The most confusing part of modesty standards, however, was how they weren’t the same for everyone. Skirts versus pants, obviously, but also I had friends who wore swimsuits that showed their bellies or their cleavage, and I knew for a fact they loved God and had faith stronger than mine. Other people always wore shirts that came up to their collarbones or only wore swimsuits with shorts or skirts to cover their bottom half. The church would issue a dress code for youth retreats or VBS, and then people didn’t follow it and no one seemed to care.

I know now that enforcing modesty-focused dress codes is often more damaging to teenage girls than ignoring them, but it was very frustrating to me then. If modesty was so important, then why didn’t the youth leaders make sure everyone followed the dress code? If the standards that pleased God were so clear, then why didn’t we all have the same standards? And if Christians had different standards, then which ones were most pleasing to God?

I wish I could say that resolving the inconsistencies and digging deep into what God actually said about modesty is what prompted me to buy those shorts. But that actually happened later, when I was figuring out why I was so much more comfortable in my clothes and body when I wasn’t even trying to be modest.

It’s practically a requirement for youth groups to teach a lesson based on 1 Samuel 16:7 at some point, and I heard more than one.
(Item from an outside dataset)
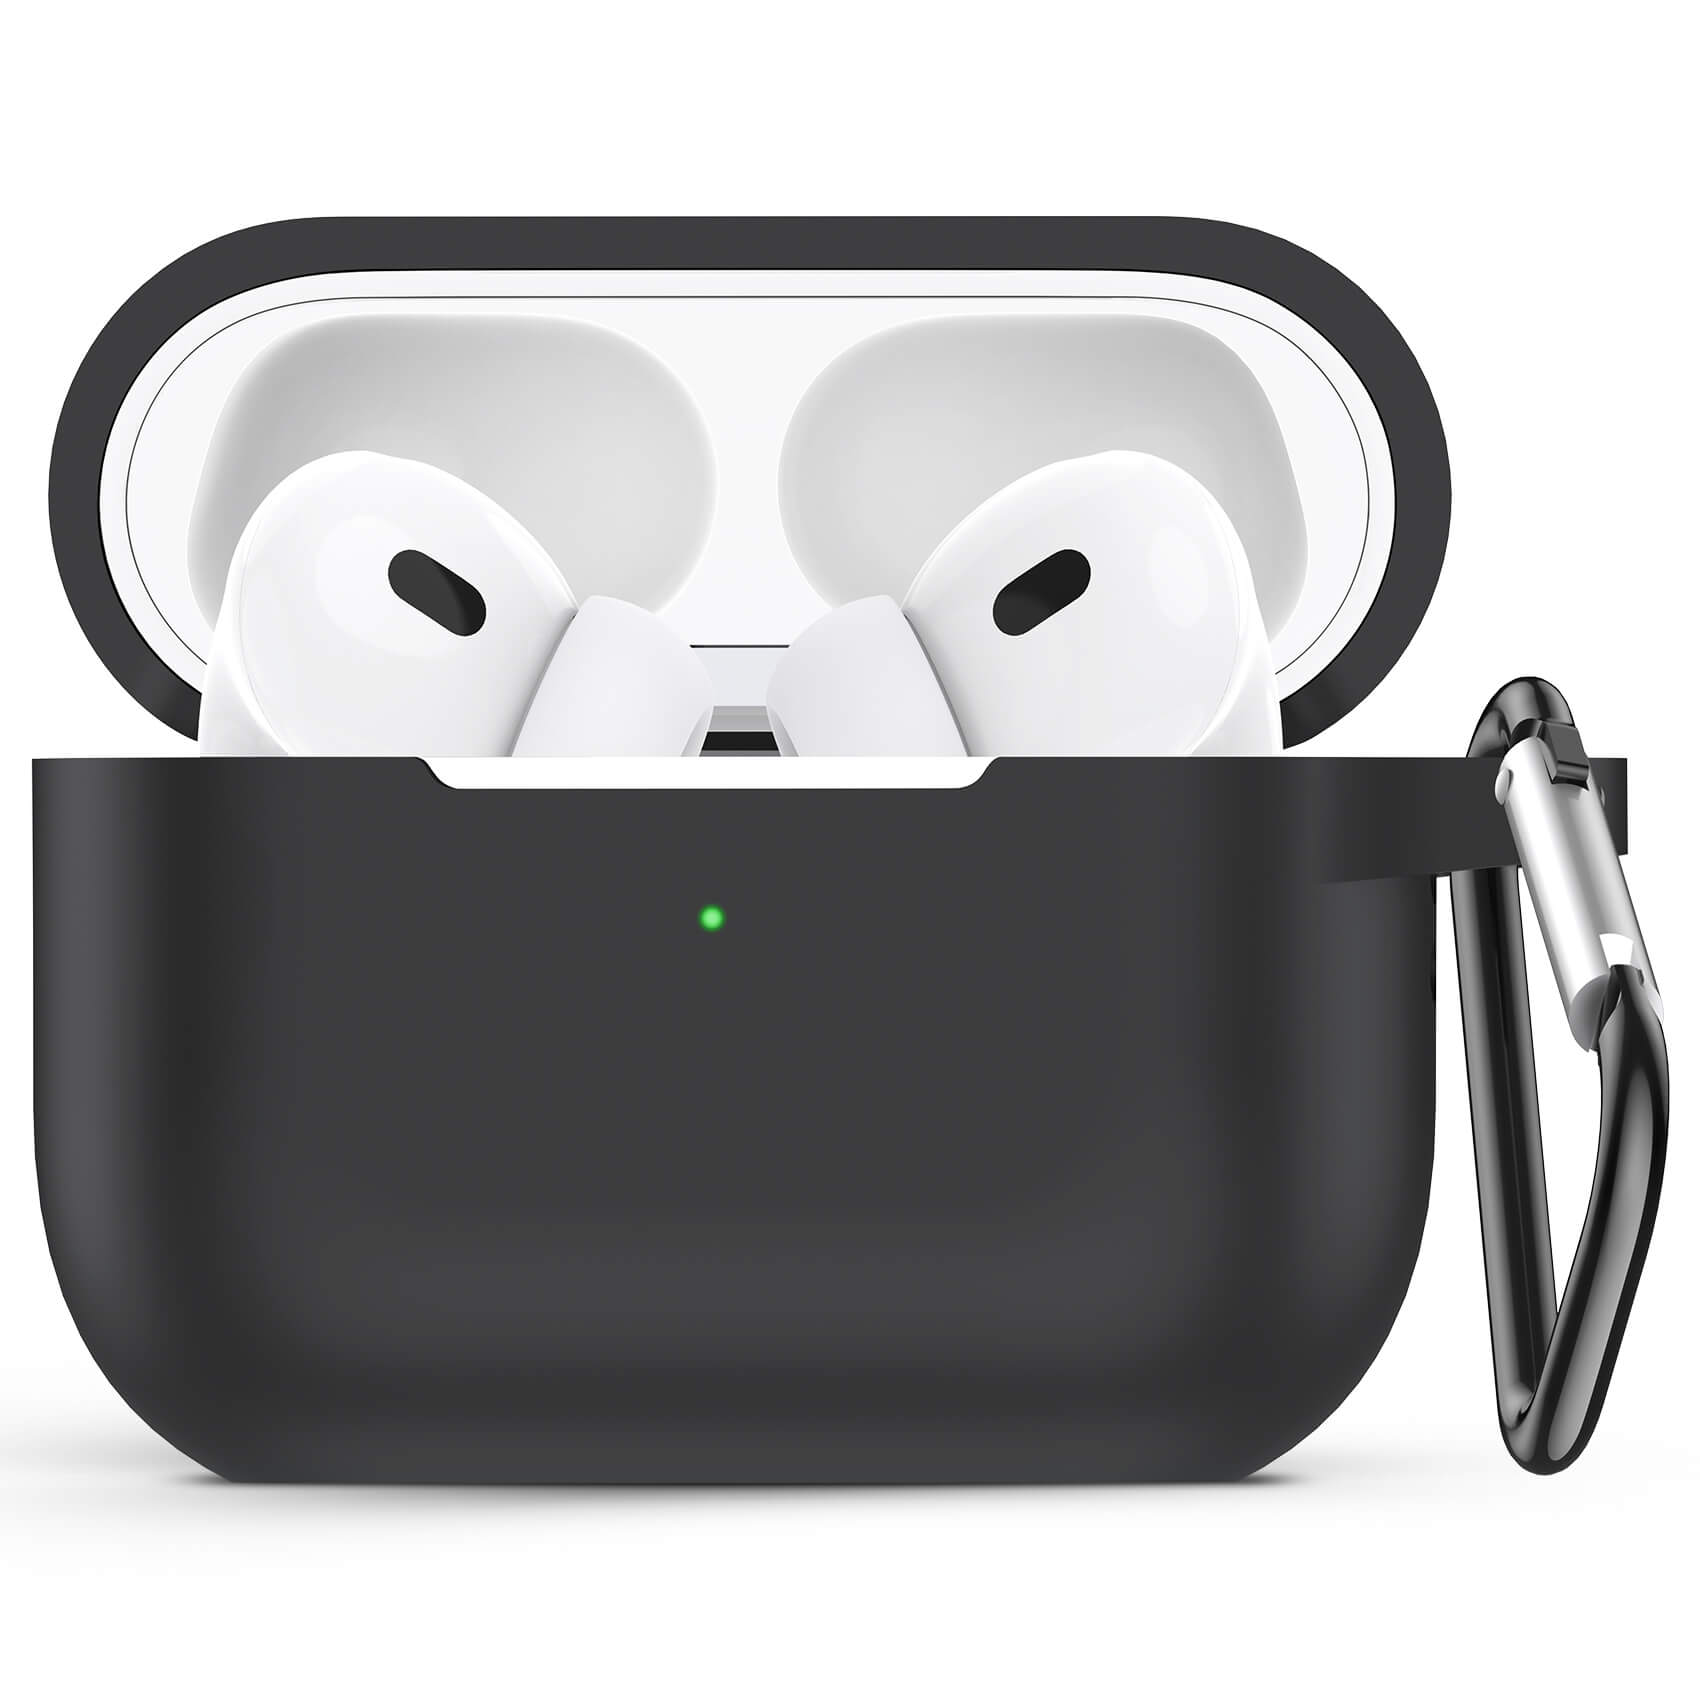 AirPods Pro ケース付き
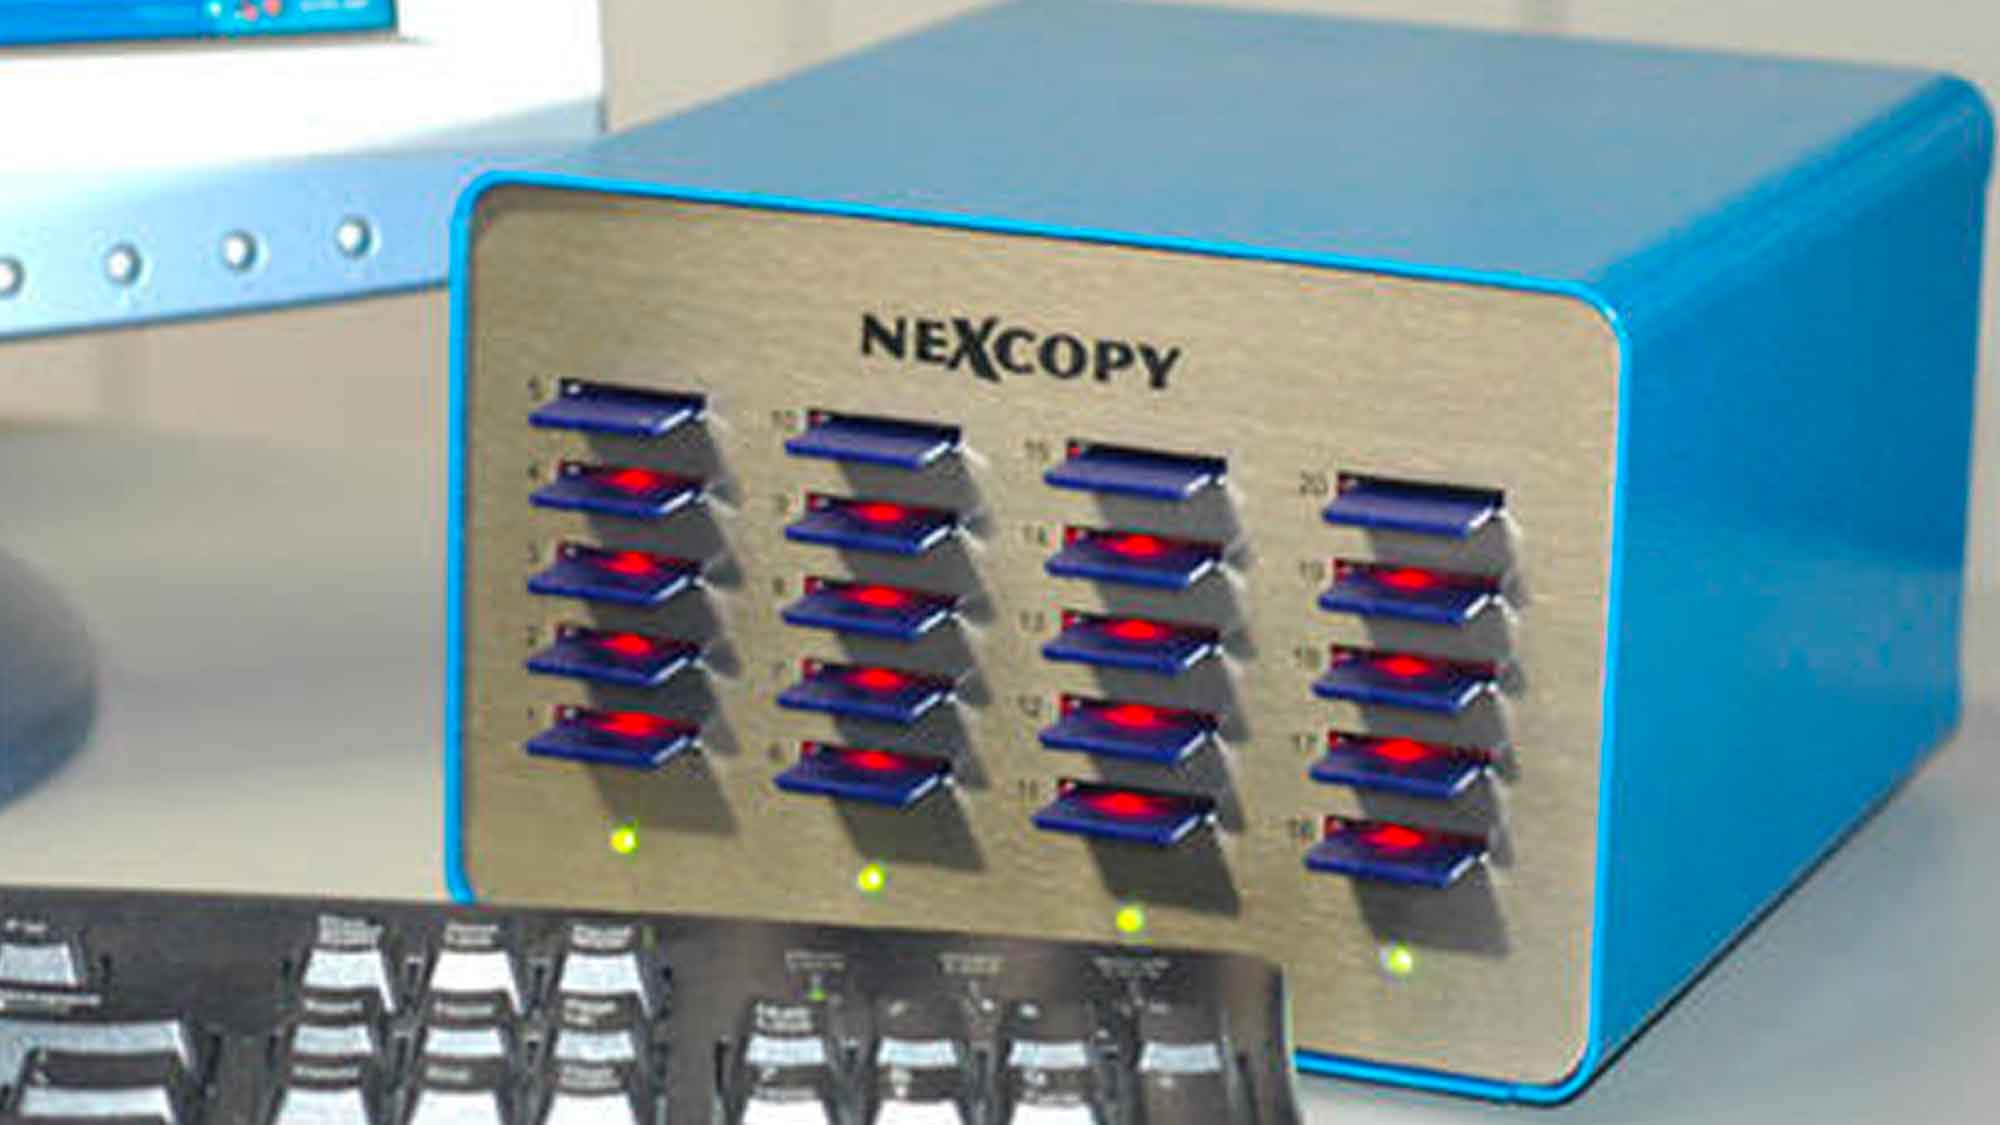 The SD Card Duplicator Knocks Down 20 Cards At a Time

But if that verse is true, that man looks at the outward appearance but the Lord looks at the heart, God does not care at all if my shorts come down to my fingertips or if I wear a tank top with straps narrower than my finger. If my heart is modest and my intentions honorable, then what I wear is not important to God. Of course my clothes should still be appropriate for the situation, the culture, the era in history I move through.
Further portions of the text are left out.